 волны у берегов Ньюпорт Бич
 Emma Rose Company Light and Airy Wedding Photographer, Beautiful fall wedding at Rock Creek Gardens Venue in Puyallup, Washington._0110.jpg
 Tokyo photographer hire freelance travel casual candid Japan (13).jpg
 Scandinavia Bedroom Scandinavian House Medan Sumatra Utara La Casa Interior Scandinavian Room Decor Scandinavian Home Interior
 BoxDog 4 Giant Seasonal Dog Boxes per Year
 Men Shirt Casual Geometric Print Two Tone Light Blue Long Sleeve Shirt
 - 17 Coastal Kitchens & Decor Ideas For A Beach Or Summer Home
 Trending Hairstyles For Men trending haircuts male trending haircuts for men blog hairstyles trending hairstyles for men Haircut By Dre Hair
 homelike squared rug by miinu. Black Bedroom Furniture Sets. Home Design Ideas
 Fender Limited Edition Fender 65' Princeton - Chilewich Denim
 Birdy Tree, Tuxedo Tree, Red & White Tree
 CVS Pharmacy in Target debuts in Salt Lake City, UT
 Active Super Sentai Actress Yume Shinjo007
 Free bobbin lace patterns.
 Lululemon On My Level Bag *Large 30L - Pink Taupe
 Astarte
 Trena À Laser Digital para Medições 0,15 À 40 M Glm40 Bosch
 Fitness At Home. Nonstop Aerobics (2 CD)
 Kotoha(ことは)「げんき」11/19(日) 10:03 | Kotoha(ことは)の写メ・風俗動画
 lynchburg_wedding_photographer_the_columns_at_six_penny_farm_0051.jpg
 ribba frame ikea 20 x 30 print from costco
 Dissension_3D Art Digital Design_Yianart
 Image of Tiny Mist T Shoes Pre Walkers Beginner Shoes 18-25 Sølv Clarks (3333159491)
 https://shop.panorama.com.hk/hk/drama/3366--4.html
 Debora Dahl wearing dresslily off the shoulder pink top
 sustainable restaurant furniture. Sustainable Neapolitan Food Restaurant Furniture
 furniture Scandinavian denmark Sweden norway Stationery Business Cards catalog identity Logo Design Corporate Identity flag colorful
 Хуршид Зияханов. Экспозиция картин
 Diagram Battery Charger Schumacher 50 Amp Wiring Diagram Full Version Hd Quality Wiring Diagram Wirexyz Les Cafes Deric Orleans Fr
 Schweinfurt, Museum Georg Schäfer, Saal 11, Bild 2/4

* WHAT IS NEEDED: Write only the number of lines in the material above where the string "Decor" occurs.

* TASK RESPONSE: 2